Well, all the issues surrounding our government made me in doubt of any statistic coming out from them. Unemployment rate of 4%, then most of the people i met or known is the lucky 4%. They don't even dare to release the data on NEP. I can only say SORRY, i can't trust BN government anymore.

coleong said...

I agree that the highly qualified graduates have no problem finding job in malaysia or elsewhere. If the graduate do not possess high academic achievement, they should improve their skill in order to get into the job market. The job market is a very competitive place. If you're the best, you get it.

Anonymous said...

Whatever goes around comes around..

We cannot blame our undergraduates from IPTAs that they are weak in English... if the teaching materials, lectures notes and even exam are conducted in Bahasa Melayu..

It is an irony for the policy makers to absolve their responsibilities when they are the ones who dictate the language policy in the first place!

How we expect them (the graduands) to be proficient in English when the three years of their undergraduate programs are conducted in BM...

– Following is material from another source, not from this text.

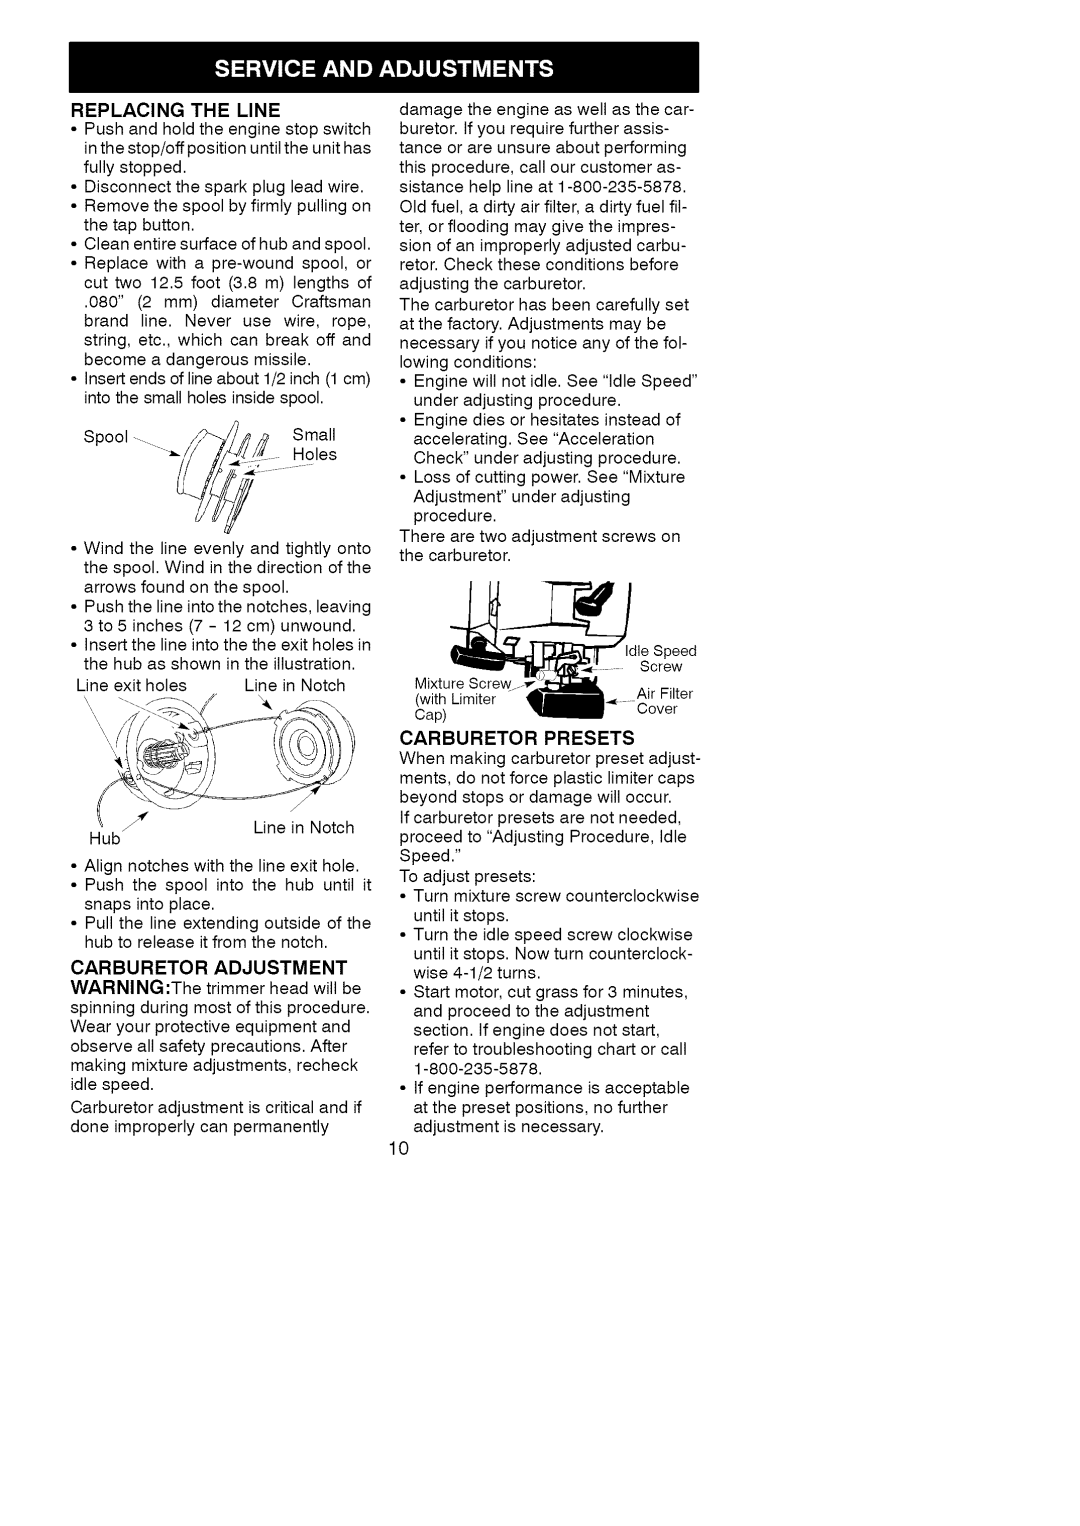 Craftsman 358.79821 manual Replacing The Line, Presets

To further compound that...they have 11 to 12 years of primary and secondary edu in BM...

Oh God! Cant we see why?

We feed them in BM, and we expect them to regurgitate in English?

Mana boleh?? Where is the Logic?

Wake up, dear ministers!

Another wastage in taxpayers money..


Globalsan

dracula77 said...

Who turn public universities and colleges to 'degree factories'? 10 to 15 years back, ONLY smart students can apply for universities. Nowdays, as long as you have money, you definitely can get degree somewhere...Not enough universities, we have college universities, private colleges...etc..

The plan to upgrade universities college to universities is completely outrageous. What university with <10 000 students?? Can they pass international acreditation??? We are downgrading our quality...

Anonymous said...

Now degrees churned by our local government and private universities have similar values like our toilet paper rolls.....

alice.com said...

the world doesn't owe anyone a living just because he/she has a degree.

the committment to getting a good job after university and progressing thereafter requires a lot of effort and hard work.